The federal government apologized and settled part of the lawsuit for $2 million after admitting a fingerprint was misread. But as part of the settlement, Mayfield retained the right to challenge parts of the Patriot Act.

Finally! Some constitutional sanity after nearly 6 years of dictatorial madness. Now, if some Democrats in congress can suddenly remember they swore to uphold the constitution, and move to impeach that chimp emperor at 1600 Pensylvania Ave., I'd be a happy man.
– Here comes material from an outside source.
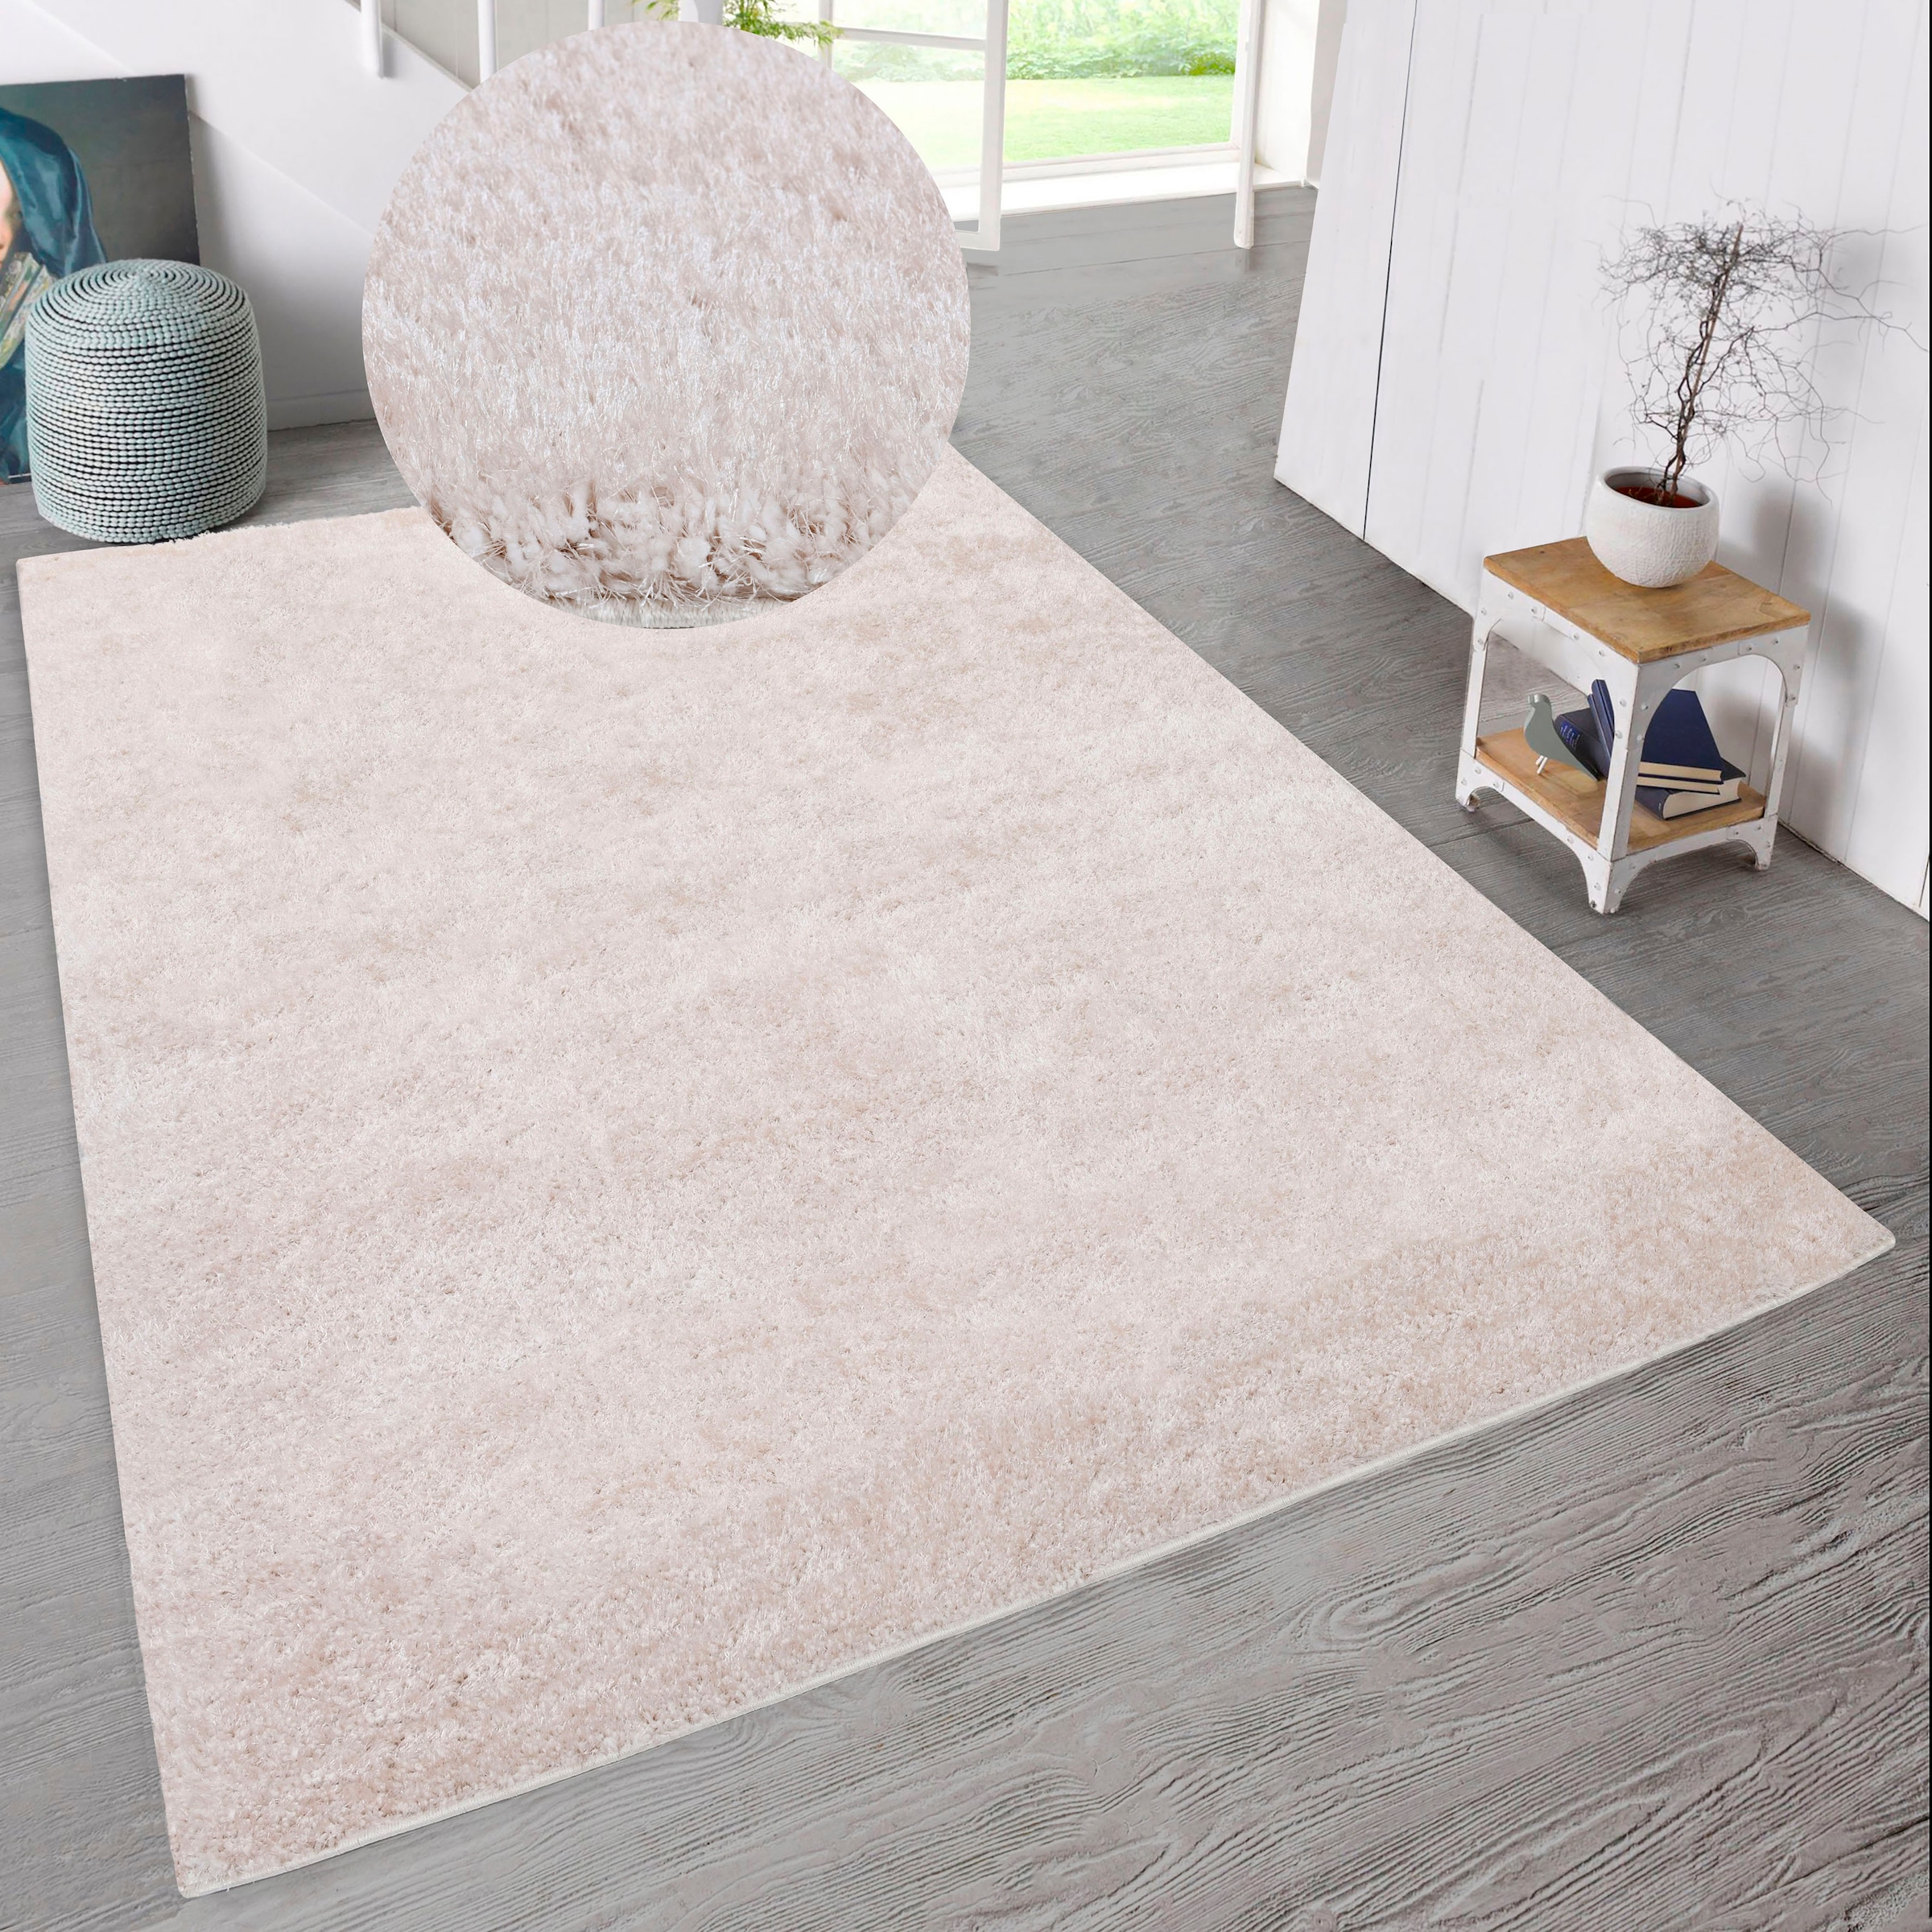 Home affaire Hochflor-Teppich »Malin«, weich in leicht glänzend, rechteckig, Uni-Farben, einfarbig, Shaggy besonders

The Ignorance Of The Masses

Blue Girl, Red State

  • Only 15% of Americans can identify the Chief Justice of the Supreme Court (John Roberts). To contrast: 66% know at least one of the judges on American Idol.
  • Only 30% realize that the Supreme Court is the last stop on the litigation train. 32% believe that Supreme Court decisions can be appealed, and 38% either "didn't know" or "weren't sure."
  • 55% do not know that when the Supreme Court rules 5-4 on a case, that decision is the law of the land and must be followed.
  • 14% believe that 5-4 decisions are sent back to congress for further consideration, 7% believe it goes back to the lower courts, and 34% simply "don't know."
I'm siding with BG, RS on this. The ignorance of the American populous scares me as much as any overt attempt by BushCo™ to overthrow the constitution. If you do not understand the makeup and duties of the Judicial Branch, then of course you are not going to notice the erosion of your civil rights. All things said and done, it's the Judicial Branch that is responsible for upholding the law of the land. And that law originates with the Constitution.

Know the Constitution, understand the rights it gives us citizens, then you can recognize when Congress passes laws that infringe upon those rights. That allows you to be able to better enter a court room, where your rights are ultimately upheld, or taken away.

But many public schools boards across the country have been overrun with religious zealots intent on gutting the Constitution and establishing a theocracy. They don't give a damn about civil rights. The look for a return to the days of intolerance and religious persecution. So, as a result, they have weaken the teaching of important subjects, such as the Constitution and "unalienable" rights, and instead are mired in controversies involving separation of Church and State, or worse, wasting time teaching students how to pass a NCLB test.